A twelfth aspect of the present invention is the method for producing Fe powder or Fe-containing alloy powder according to the ninth to eleventh aspects,
The drying process is performed in a vacuum environment.

A thirteenth aspect of the present invention is a method for producing the Fe powder or the Fe-containing alloy powder according to the ninth to twelfth aspects,
The pH of the water used in the atomizing step is 9 to 13.

A fourteenth aspect of the present invention is the method for producing the Fe powder or the Fe-containing alloy powder according to the ninth to twelfth aspects,
The pH of the water used in the atomizing step is 11-13.

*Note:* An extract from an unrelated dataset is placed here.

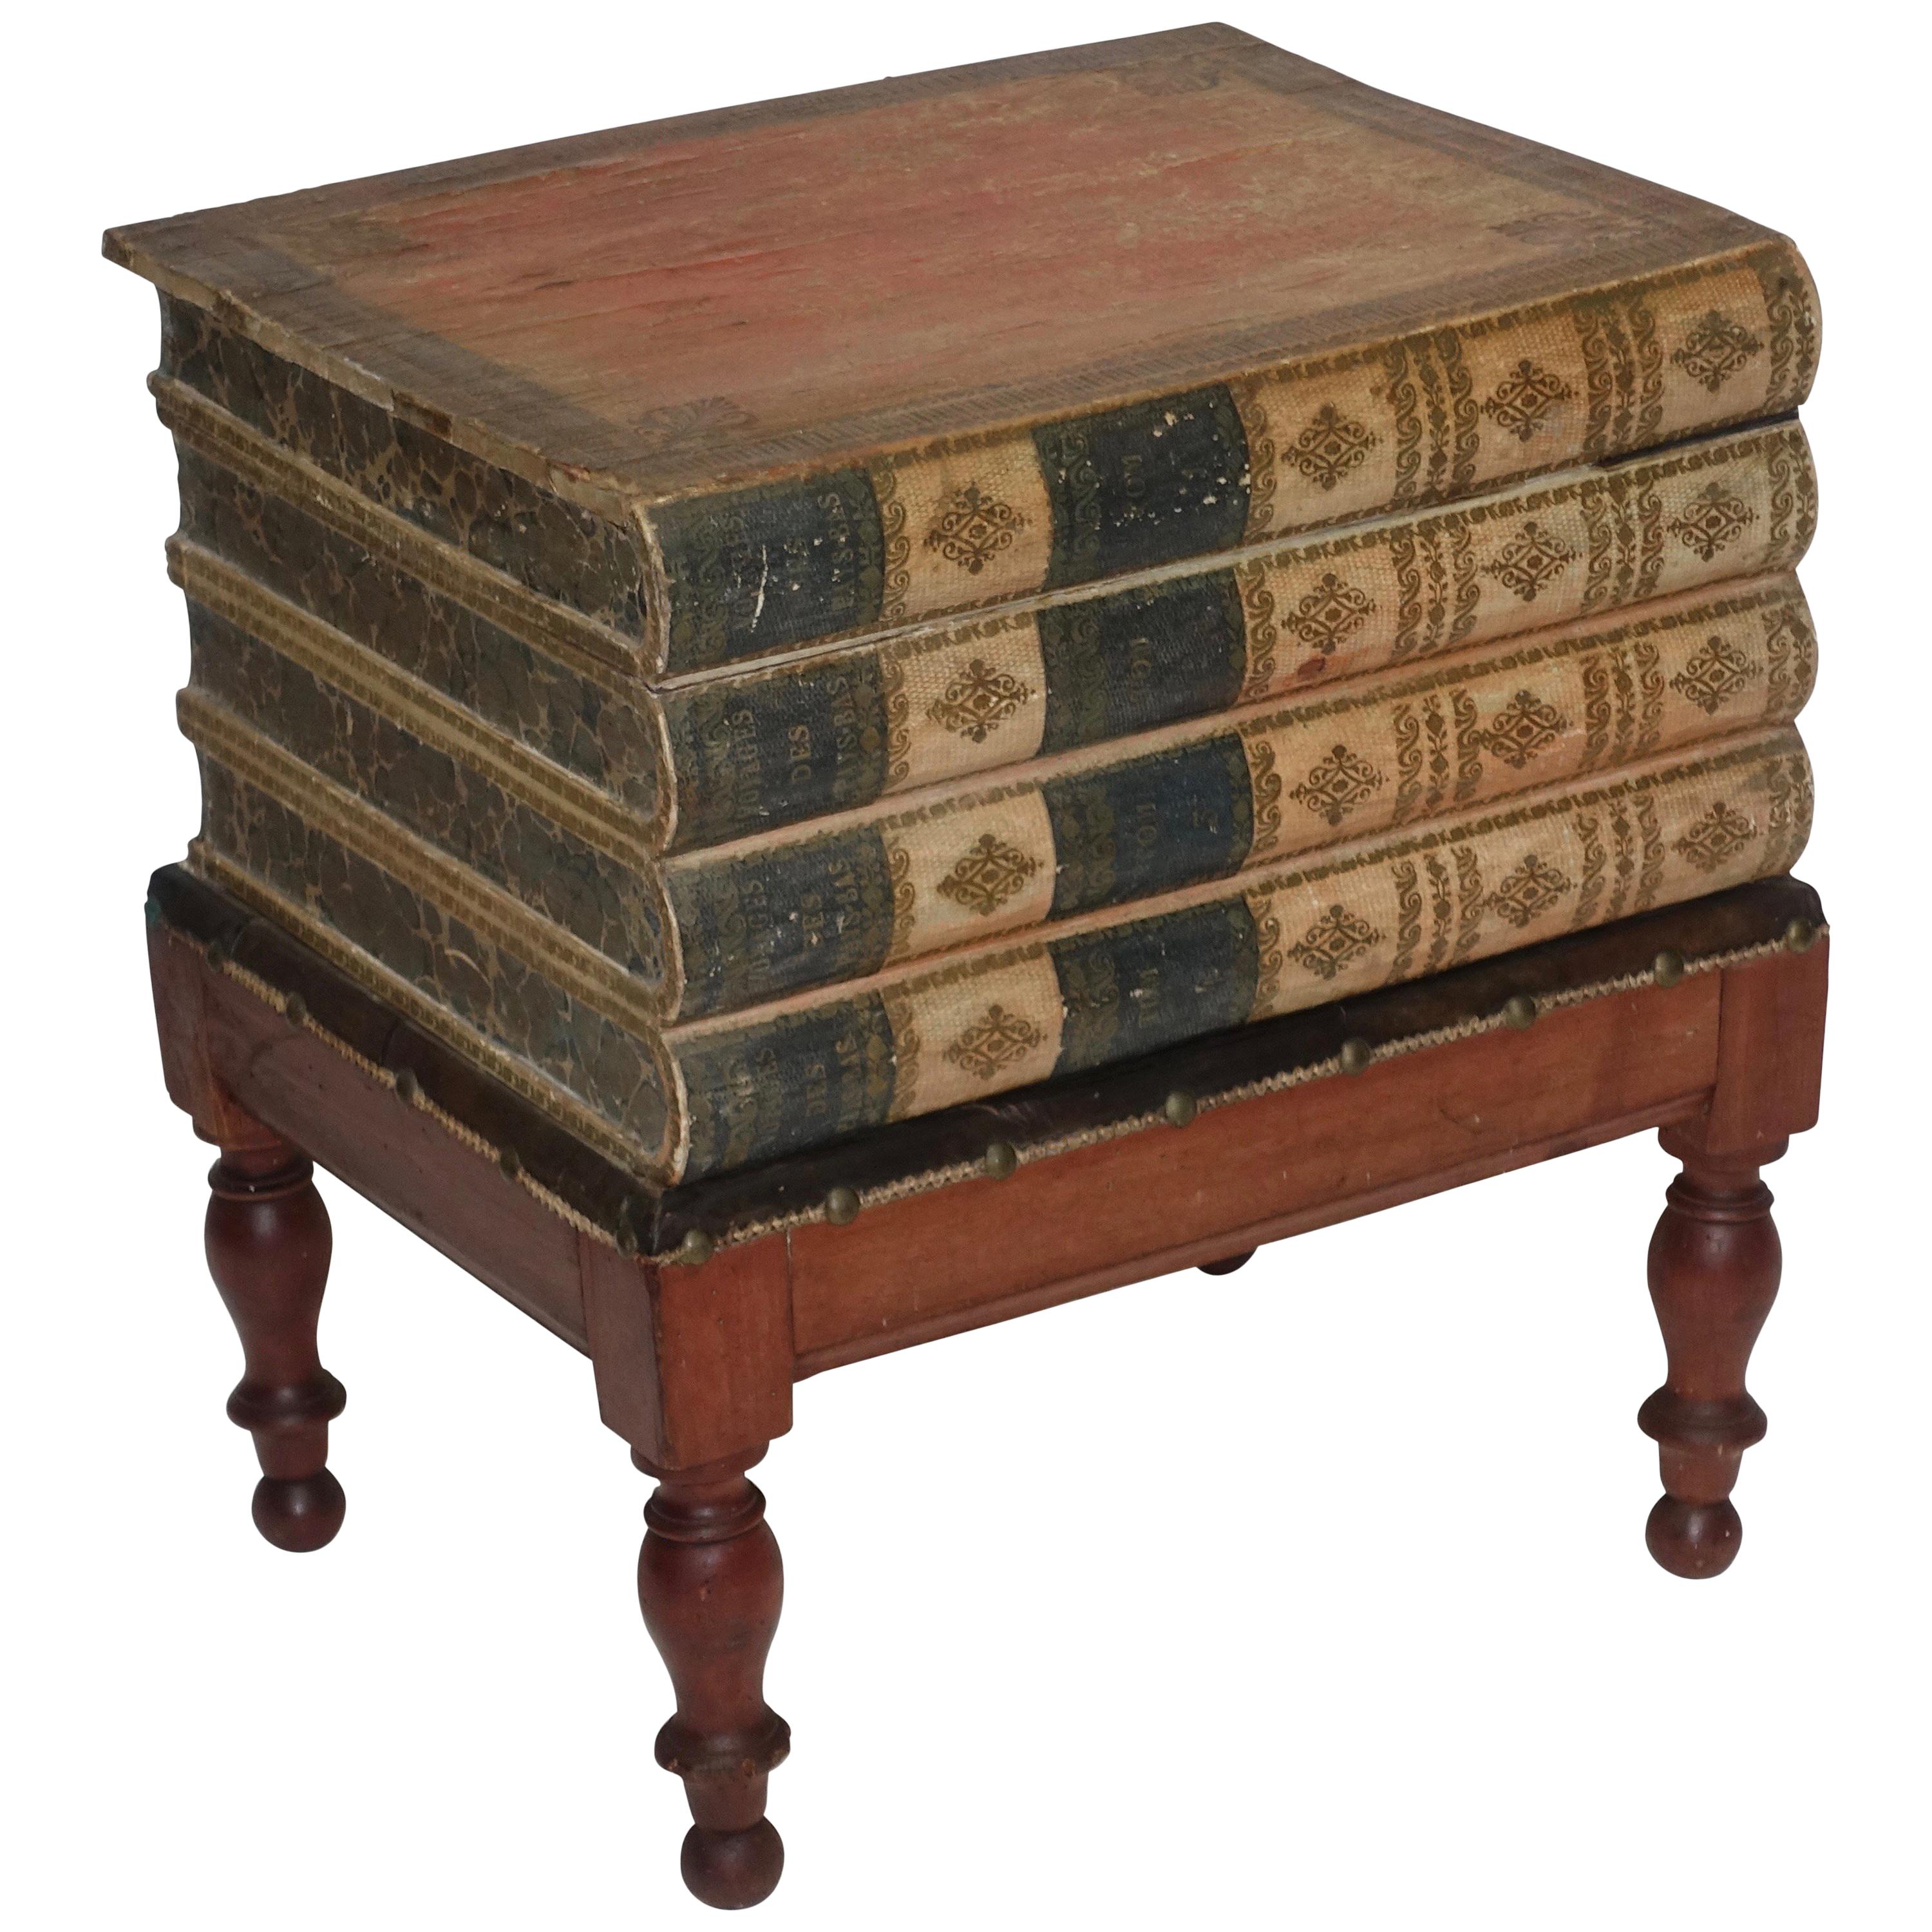 Regency Leather Faux Book Box on Painted Stand or End Table, English, circa 1830 For Sale

A fifteenth aspect of the present invention is a method for producing Fe powder or an alloy powder containing Fe according to the ninth to fourteenth aspects,
The electric potential of water used in the atomizing process is -0.4V to 0.4V.

A sixteenth aspect of the present invention is a method for producing the Fe powder or the Fe-containing alloy powder according to the ninth to fifteenth aspects,
The molten metal contains Fe and 0.1 to 15% by mass of Si.

A seventeenth aspect of the present invention is the method for producing an alloy powder containing Fe according to the sixteenth aspect,
The molten metal contains Fe in an amount of 84% by mass to 99.7% by mass.

An eighteenth aspect of the present invention is
A soft magnetic material containing the soft magnetic powder according to any one of the first to eighth aspects and a binder is provided.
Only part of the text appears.